ABOUT THIS TASK | Which lines run from the one containing "Nej, T -104 CORVOY SET." to the end of the entries? Copy them exactly, both ends included, and give nothing else.

[Dataset excerpts]
▼

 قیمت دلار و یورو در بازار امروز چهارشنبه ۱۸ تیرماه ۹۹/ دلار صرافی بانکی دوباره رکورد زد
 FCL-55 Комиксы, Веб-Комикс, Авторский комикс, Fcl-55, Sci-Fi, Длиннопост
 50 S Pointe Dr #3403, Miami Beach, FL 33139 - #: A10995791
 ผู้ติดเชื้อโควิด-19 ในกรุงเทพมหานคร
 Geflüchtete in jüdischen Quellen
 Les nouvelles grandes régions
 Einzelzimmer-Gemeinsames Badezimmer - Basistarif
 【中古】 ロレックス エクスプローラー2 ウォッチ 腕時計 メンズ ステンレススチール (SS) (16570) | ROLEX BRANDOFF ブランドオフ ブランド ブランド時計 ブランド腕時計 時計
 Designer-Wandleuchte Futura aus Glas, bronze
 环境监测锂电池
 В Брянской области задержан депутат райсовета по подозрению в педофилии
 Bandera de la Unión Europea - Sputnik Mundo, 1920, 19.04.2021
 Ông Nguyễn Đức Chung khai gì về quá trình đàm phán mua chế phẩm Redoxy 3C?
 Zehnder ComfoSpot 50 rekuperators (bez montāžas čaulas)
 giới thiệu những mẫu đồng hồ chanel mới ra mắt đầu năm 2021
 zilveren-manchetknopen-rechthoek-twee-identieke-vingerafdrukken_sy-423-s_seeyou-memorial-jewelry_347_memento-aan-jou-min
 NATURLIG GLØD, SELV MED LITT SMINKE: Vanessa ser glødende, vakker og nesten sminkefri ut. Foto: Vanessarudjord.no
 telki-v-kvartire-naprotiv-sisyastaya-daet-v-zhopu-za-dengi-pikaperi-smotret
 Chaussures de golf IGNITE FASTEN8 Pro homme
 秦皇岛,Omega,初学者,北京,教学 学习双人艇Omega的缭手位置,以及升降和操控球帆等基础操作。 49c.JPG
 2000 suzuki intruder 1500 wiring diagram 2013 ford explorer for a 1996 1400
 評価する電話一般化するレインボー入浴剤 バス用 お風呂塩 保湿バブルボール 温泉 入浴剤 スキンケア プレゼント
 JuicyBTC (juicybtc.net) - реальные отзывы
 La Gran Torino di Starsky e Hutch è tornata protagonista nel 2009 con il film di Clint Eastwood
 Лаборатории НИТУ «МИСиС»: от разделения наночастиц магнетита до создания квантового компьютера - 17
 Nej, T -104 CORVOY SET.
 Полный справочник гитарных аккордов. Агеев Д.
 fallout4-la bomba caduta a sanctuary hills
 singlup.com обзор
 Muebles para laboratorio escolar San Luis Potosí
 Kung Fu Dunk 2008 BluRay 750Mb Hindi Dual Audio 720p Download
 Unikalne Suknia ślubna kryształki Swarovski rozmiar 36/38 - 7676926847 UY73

▲

TASK SOLUTION |
 Nej, T -104 CORVOY SET.
 Полный справочник гитарных аккордов. Агеев Д.
 fallout4-la bomba caduta a sanctuary hills
 singlup.com обзор
 Muebles para laboratorio escolar San Luis Potosí
 Kung Fu Dunk 2008 BluRay 750Mb Hindi Dual Audio 720p Download
 Unikalne Suknia ślubna kryształki Swarovski rozmiar 36/38 - 7676926847 UY73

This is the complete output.